Data for this task —
▽

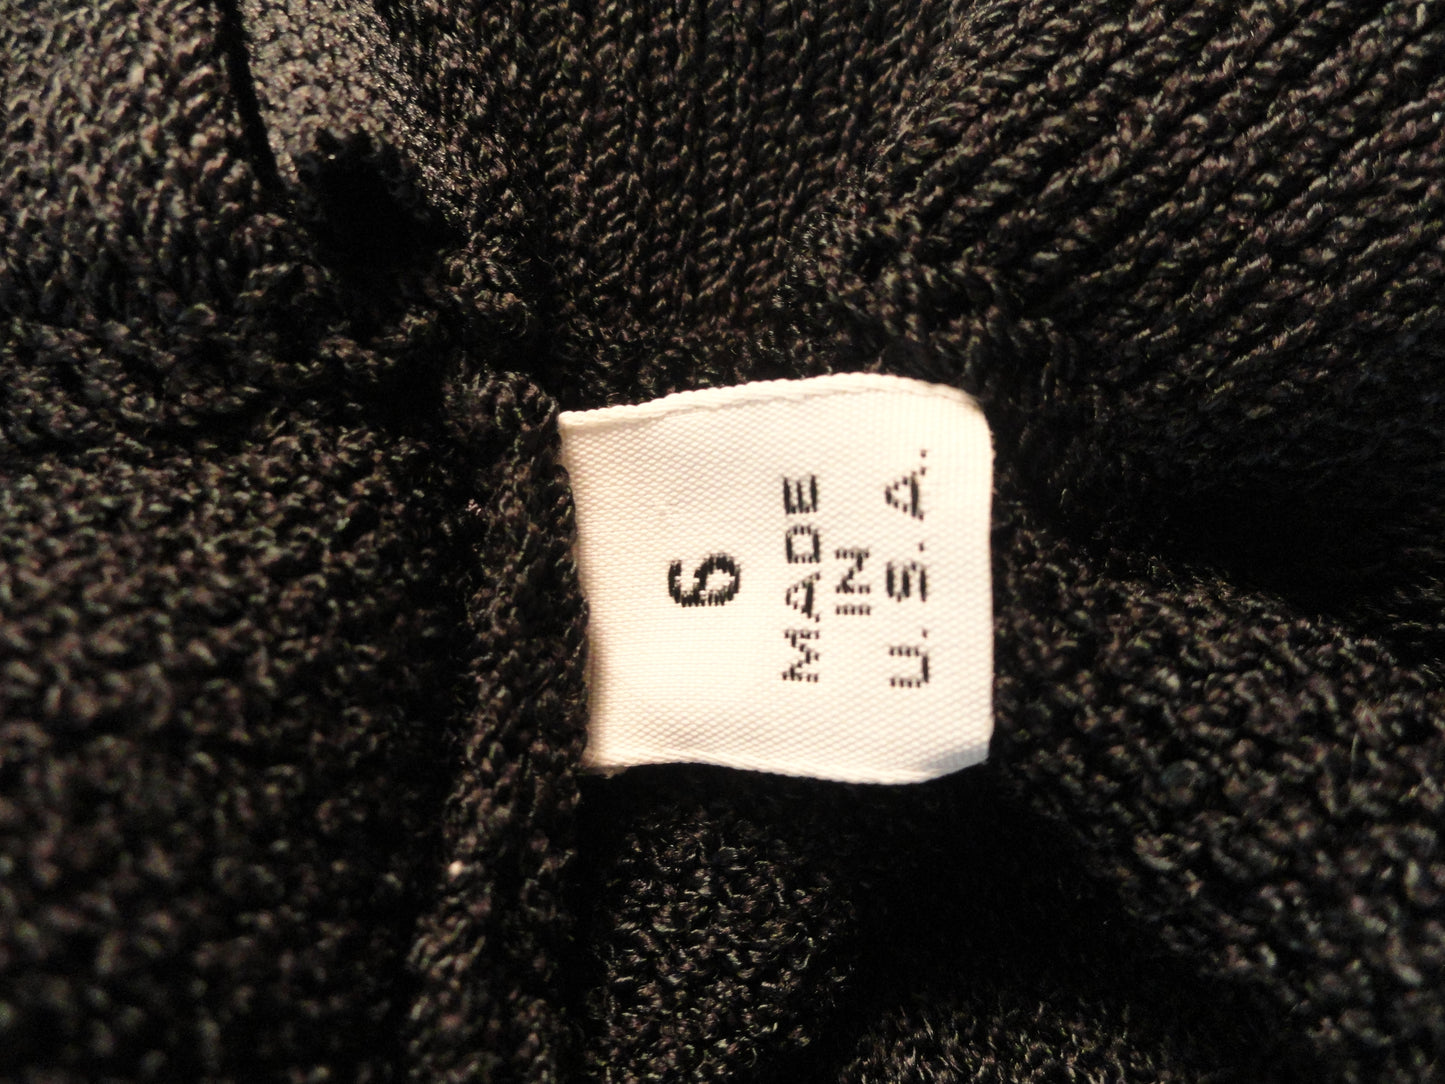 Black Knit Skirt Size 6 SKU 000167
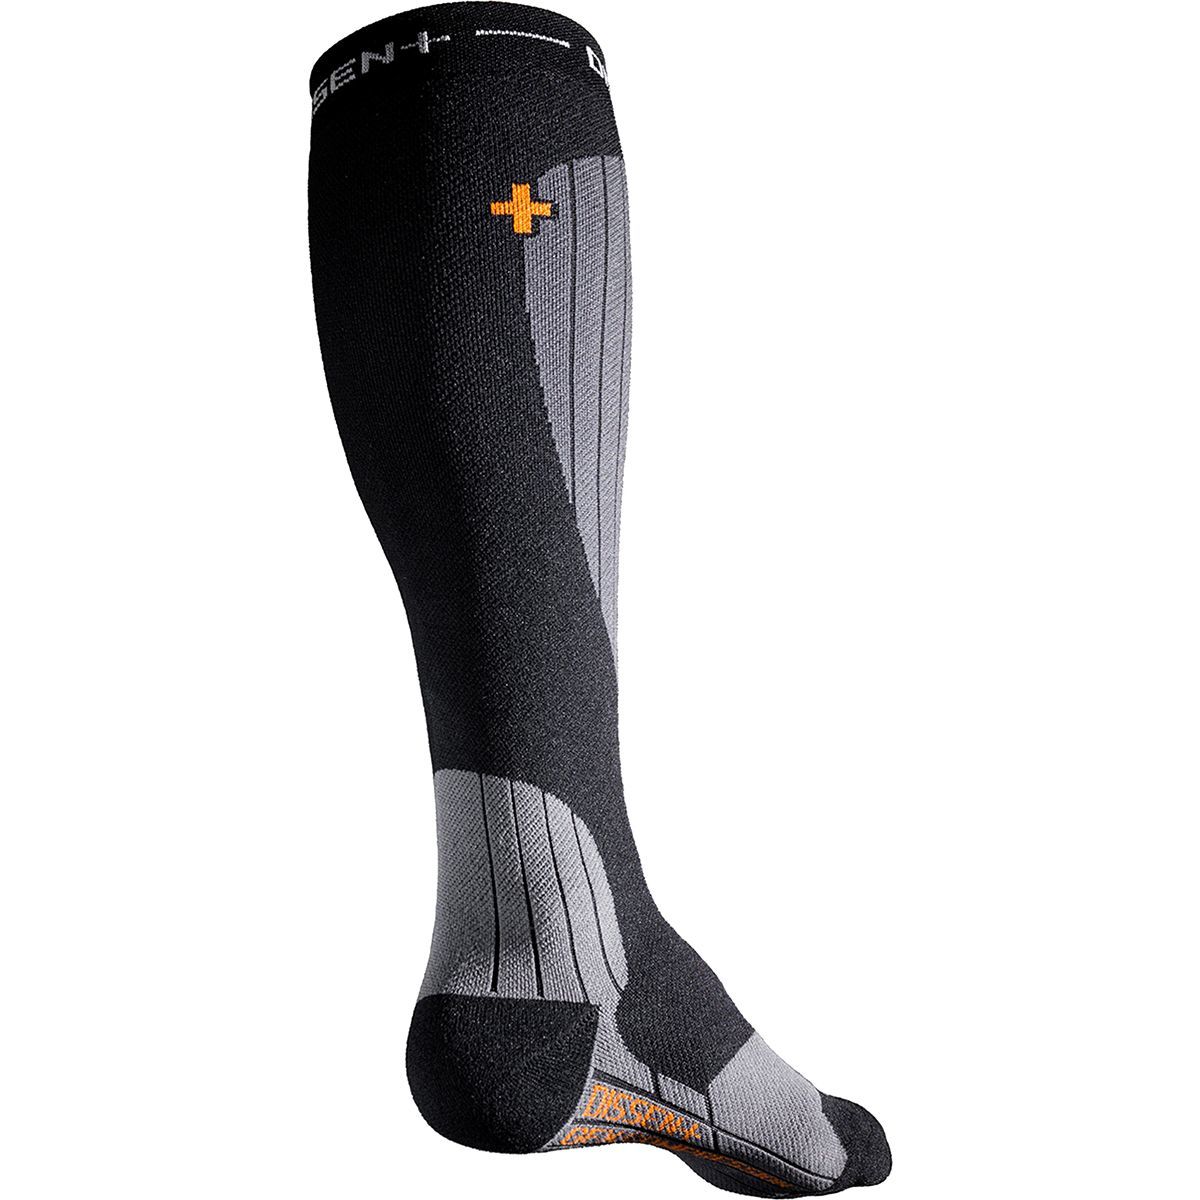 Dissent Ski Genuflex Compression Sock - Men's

△
▽

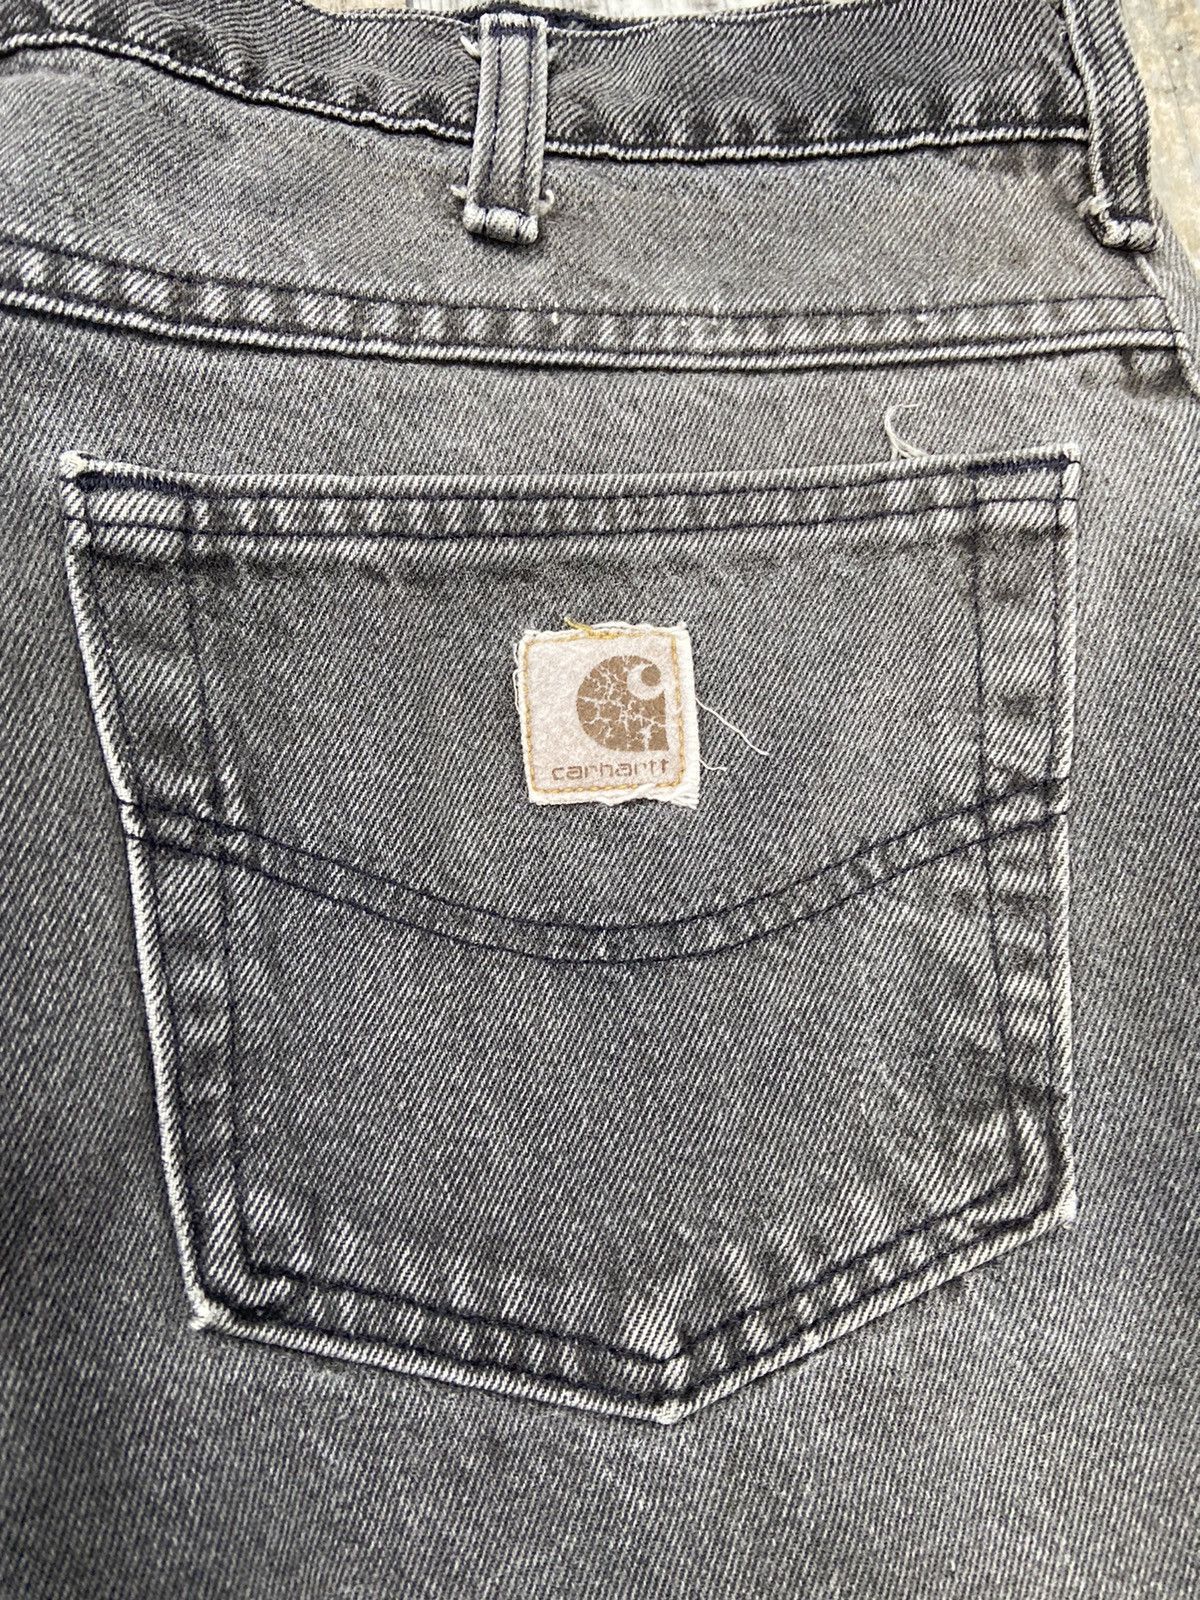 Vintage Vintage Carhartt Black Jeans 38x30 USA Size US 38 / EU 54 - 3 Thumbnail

△

Task details — With the pictures omitted, print the lines above exactly, beginning at the line with "Black Knit Skirt Size 6 SKU 000167" and going on through the line with "Dissent Ski Genuflex".

Answer below —
 Black Knit Skirt Size 6 SKU 000167
 Dissent Ski Genuflex Compression Sock - Men's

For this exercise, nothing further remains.